_DATA SEGMENT_
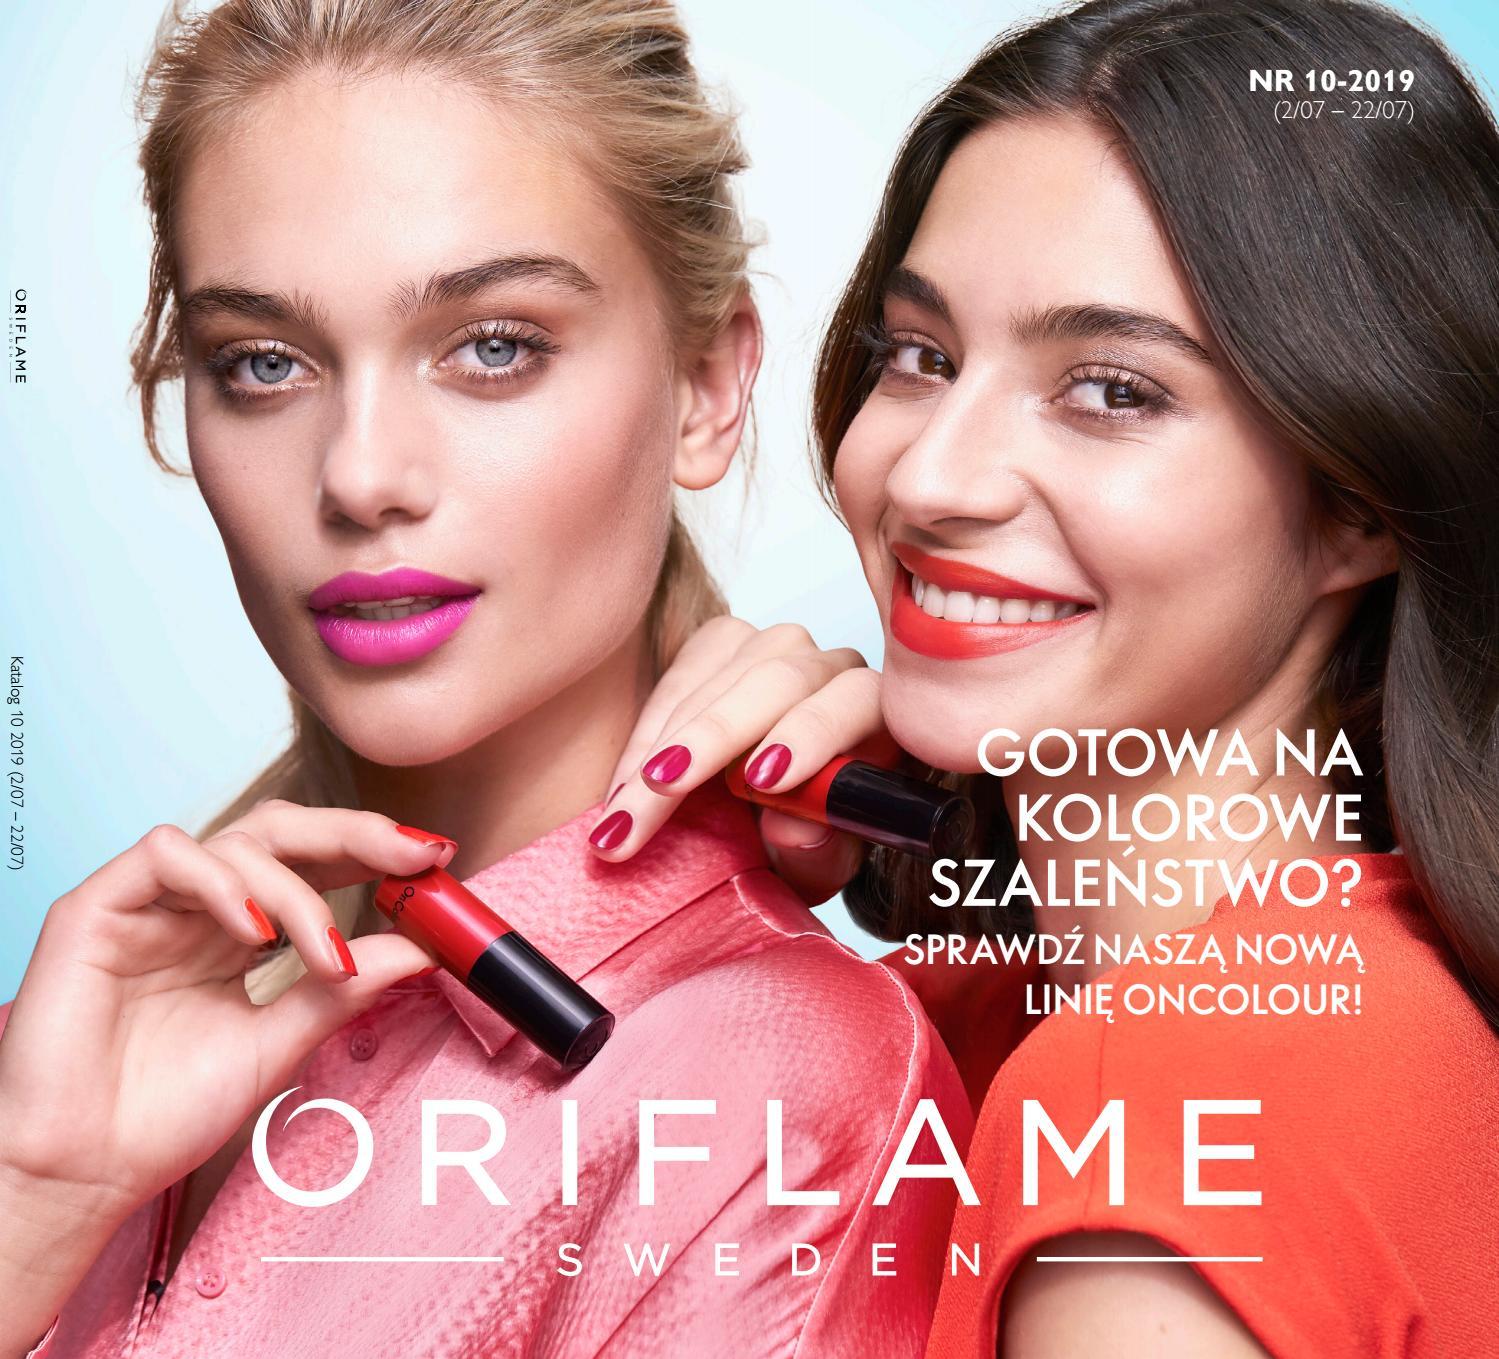 Katalog oriflame 10/2019 by Agnieszka Kowal - issuu
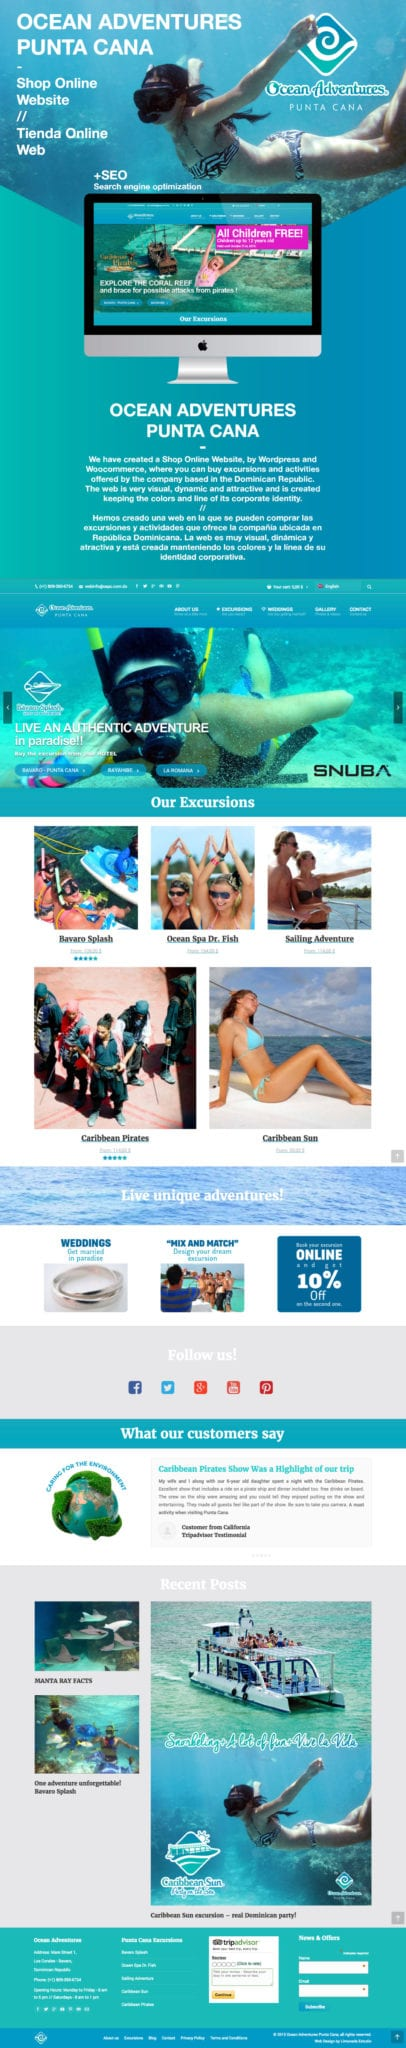 behance-web-tienda-online-ocean-adventures-punta-cana
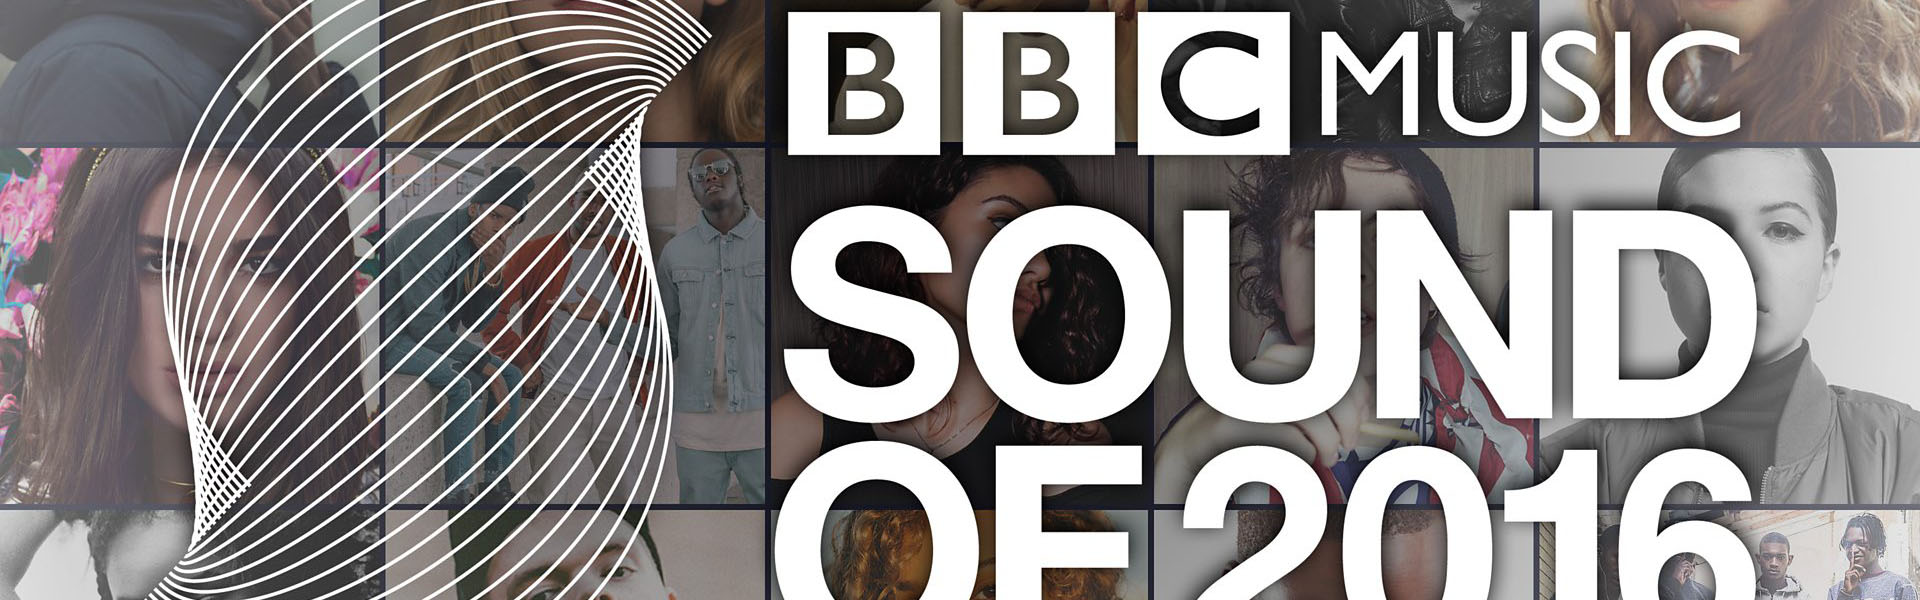 BBC Sound of 2017

_WORK TASK_
Retype the listing verbatim, minus every image.

_WRITTEN ANSWER_
 Katalog oriflame 10/2019 by Agnieszka Kowal - issuu
 behance-web-tienda-online-ocean-adventures-punta-cana
 BBC Sound of 2017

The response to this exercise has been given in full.